### Required work
Give back the line below containing "The Flash (2016-) #785 preview images" and every later line, exactly.

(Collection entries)
┌────────
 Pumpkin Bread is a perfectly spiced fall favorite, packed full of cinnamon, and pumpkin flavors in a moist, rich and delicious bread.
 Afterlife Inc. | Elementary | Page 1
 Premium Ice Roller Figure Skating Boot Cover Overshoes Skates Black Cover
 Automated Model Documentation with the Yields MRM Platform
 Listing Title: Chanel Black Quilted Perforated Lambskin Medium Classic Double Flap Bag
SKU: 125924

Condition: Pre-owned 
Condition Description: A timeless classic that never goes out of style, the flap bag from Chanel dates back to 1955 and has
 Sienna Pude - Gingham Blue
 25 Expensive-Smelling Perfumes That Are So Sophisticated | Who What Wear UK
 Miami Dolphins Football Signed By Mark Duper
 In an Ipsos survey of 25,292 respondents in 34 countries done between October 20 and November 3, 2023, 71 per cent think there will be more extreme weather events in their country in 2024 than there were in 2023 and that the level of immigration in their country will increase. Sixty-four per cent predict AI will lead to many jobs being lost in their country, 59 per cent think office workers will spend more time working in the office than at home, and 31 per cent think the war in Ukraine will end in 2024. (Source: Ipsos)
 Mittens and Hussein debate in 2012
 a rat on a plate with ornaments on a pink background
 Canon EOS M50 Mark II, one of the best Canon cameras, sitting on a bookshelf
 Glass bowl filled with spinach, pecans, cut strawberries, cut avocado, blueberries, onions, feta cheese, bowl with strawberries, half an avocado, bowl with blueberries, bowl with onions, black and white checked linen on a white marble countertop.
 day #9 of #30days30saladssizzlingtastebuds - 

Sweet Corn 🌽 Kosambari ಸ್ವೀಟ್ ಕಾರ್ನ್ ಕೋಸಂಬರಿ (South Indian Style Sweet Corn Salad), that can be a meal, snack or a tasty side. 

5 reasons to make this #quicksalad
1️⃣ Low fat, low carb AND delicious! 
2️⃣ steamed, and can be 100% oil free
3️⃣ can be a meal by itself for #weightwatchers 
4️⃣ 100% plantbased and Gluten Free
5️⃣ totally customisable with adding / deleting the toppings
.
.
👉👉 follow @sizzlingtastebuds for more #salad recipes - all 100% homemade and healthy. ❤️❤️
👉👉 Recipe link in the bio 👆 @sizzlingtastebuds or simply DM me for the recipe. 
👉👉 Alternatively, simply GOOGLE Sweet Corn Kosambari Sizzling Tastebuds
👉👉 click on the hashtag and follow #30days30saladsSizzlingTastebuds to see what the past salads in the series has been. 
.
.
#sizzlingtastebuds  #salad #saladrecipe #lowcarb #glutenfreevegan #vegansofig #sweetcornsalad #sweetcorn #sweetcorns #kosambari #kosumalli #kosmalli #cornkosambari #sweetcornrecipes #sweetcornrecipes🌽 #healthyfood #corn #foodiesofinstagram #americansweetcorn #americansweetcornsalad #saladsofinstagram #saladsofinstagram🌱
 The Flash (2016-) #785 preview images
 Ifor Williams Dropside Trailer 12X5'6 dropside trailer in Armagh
└────────
### The completed task
 The Flash (2016-) #785 preview images
 Ifor Williams Dropside Trailer 12X5'6 dropside trailer in Armagh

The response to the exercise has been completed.